How the top-10 asset deep-dives in the JHTV public-data case study were produced. The rubric ranking, rNPV envelopes, Monte Carlo distributions, and dossier exports come from the PhaseFolio engine and are reproducible by any user. The asset-level workups — mechanism plausibility, comparator status, indication–target sanity, regulatory pathway, investment thesis — were generated by dedicated agents running Claude Opus 4.7 (Anthropic flagship reasoning model, maximum thinking effort, 1M-token context) against ClinicalTrials.gov, FDA Drugs@FDA, and primary literature. No credentialed MD or PhD subject-matter expert reviewed the final output. Every finding is stated against named, citable sources and is independently verifiable.

Model	Claude Opus 4.7 (Anthropic flagship reasoning)
Thinking effort	Maximum
Context window	1M tokens
Agent architecture	One agent per asset, parallel dispatch
Sources queried	ClinicalTrials.gov, FDA Drugs@FDA, primary literature, patent filings
MD / PhD review	None
Audit pass	Parallel Claude Opus 4.7 agents, one per asset, CMO-lens prompt
Audit findings	Material findings on 8 of 10 top-10 assets
Verification model	Source-anchored — every finding traces to a citable identifier

Two-tier scope

What is engine output and what is AI-augmented analysis.

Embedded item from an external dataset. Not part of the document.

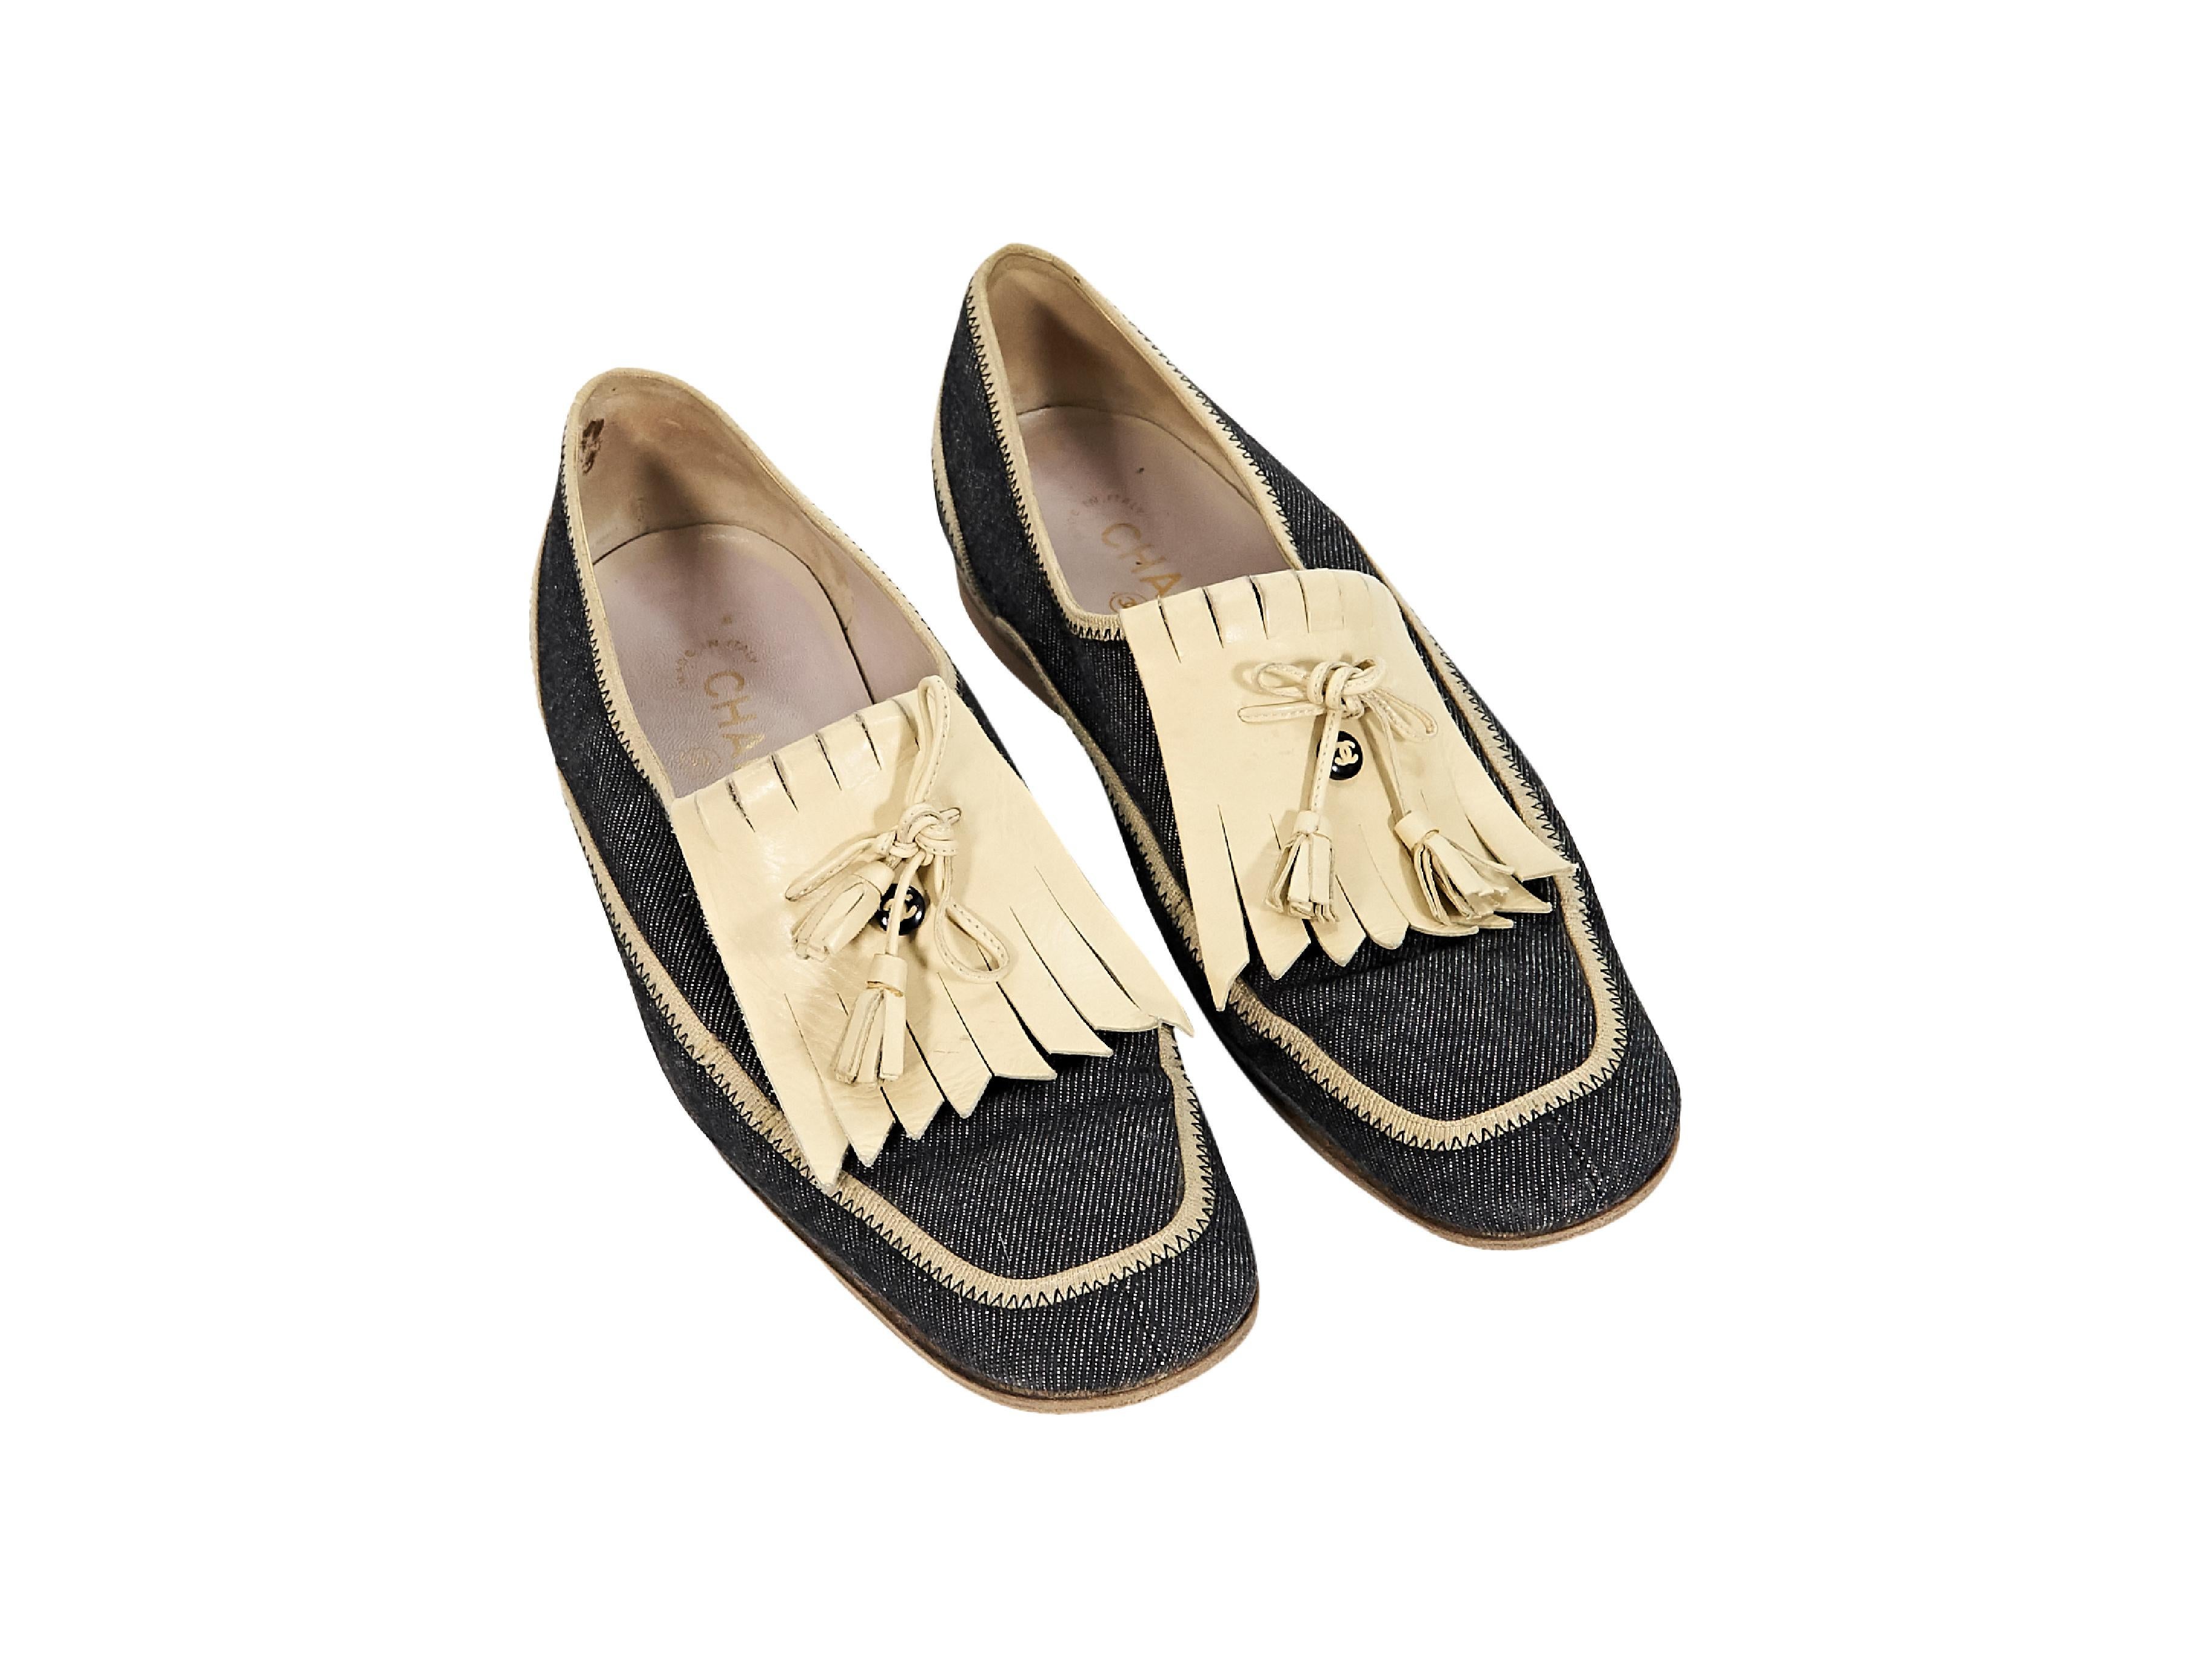 Product details:  Blue denim loafers by Chanel.  Ivory leather fringe tongue design.  Accented with tassels.  Low stacked heel.  Slip-on style.  0.75

The JHTV public-data case study has two layers, produced by different parts of the PhaseFolio system. Both ship publicly; this page draws the line between them so a reader knows what is engine output versus what is AI-augmented analysis.

Tier 1 — Engine output (self-serve, reproducible). The full ranking of all ~602 inventions, the three-dimensional rubric scores, the rNPV envelopes for the top 10, the Monte Carlo distributions, the tornado sensitivity tables, and the dossier export format are produced by the PhaseFolio engine. Any user with their own portfolio could run the same pipeline and get the same shape of result. The rubric methodology, version-pinned at methodology@2026-05-07 with rubric weights locked at 40% clinical relevance / 30% modality fit / 30% whitespace, is documented separately at /methodology/jhtv-portfolio.

Tier 2 — AI-augmented deep-dives (assisted, not yet self-serve). Each top-10 asset received a dedicated workup covering mechanism plausibility (does the modality reach the target?), comparator status verification (are cited competitors active, discontinued, or stalled?), indication–target sanity (does the indication mapping match the actual target/mechanism class?), trial-design feasibility, regulatory pathway plausibility, and a written investment thesis. These were produced by AI agents, not by the engine; the orchestration is not yet a one-click feature in the product.

The model

Claude Opus 4.7, maximum thinking effort, 1M-token context window.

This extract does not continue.